(1.) THE parties to this appeal are lineal descendants, through males, of Rajah Sheo Singh, who at the beginning of this century possessed the talook of Bhinga: the respondent being the descendant of Sarabjit Singh, his eldest, and the appellant of Umrao Singh, his second son. At the time of the Mutiny the talook was confiscated; but it was subsequently restored to the family, and was settled in 1856-57, and again in 1858-59, upon Rajah Kishen Dutt, the son of Sarabjit. Rajah Kishen Dutt died in 1862, and was succeeded by the respondent.
(2.) JABRAJ Singh, father of the appellant, who was the son of Umrao Singh, died in 1881; and, in March, 1887, the present suit was brought by the respondent, in which he claims proprietary possession of two villages within the talook, Gutwa and Basthanwa, which are also known by the common name of Sochouli, and, in the alternative, that the appellant is bound to relieve him of the revenue payable to Government in respect of these two villages. The only ground of action disclosed in the plaint is, that the title upon which Jabraj held possession of the villages was a grant for maintenance, resumable by the talookdar upon his decease.

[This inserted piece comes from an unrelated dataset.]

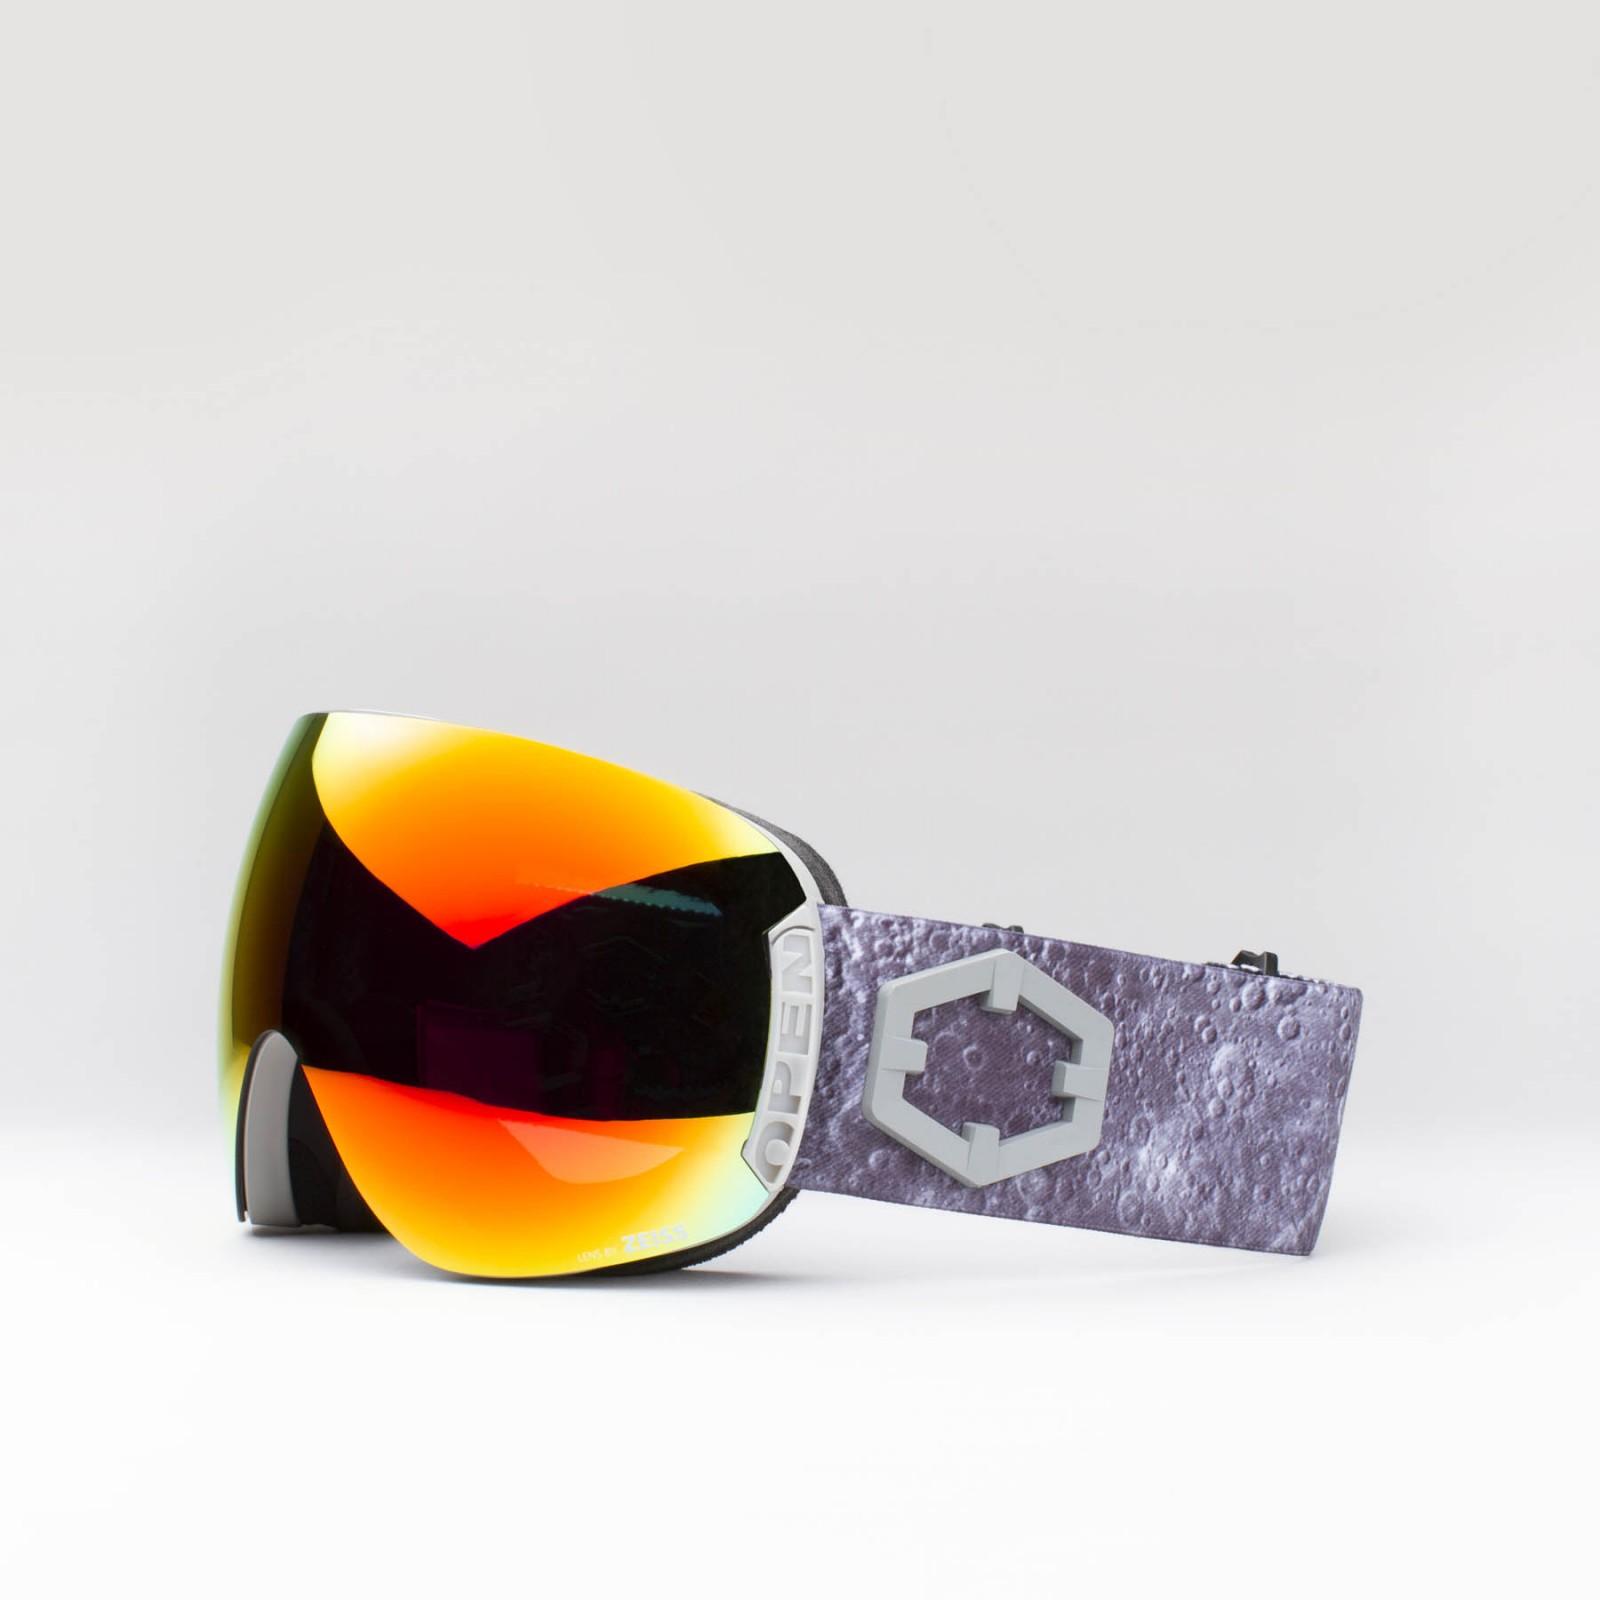 Open Apollo Red MCI goggle

(3.) JABRAJ insisted, before the arbiters, in a claim for no less than thirty-one villages, including the two now in suit, and a third which was alleged to have been granted to him by the rajah "as a reward, by reason of his accidentally killing a tiger." The arbiters adjudicated upon his claim for these three villages, but declined to entertain his claim for the remaining twenty-eight, holding that it did not relate to any right by cadetship, constituting an incumbrance upon the talook belonging to the head of the family, but asserted an absolute proprietary title adverse to him, and therefore ought to be enforced by an action at law. They rejected the claim of Jabraj for the village said to have been granted to him by way of reward; and, in regard to the subjects now in controversy, they found "that the two villages Gutwa and Basthanwa, given as maintenance, be decreed in favour of plaintiff (to continue) as heretofore." That deliverance was confirmed by Maharajah Sir Maun Singh on July 6, 1869.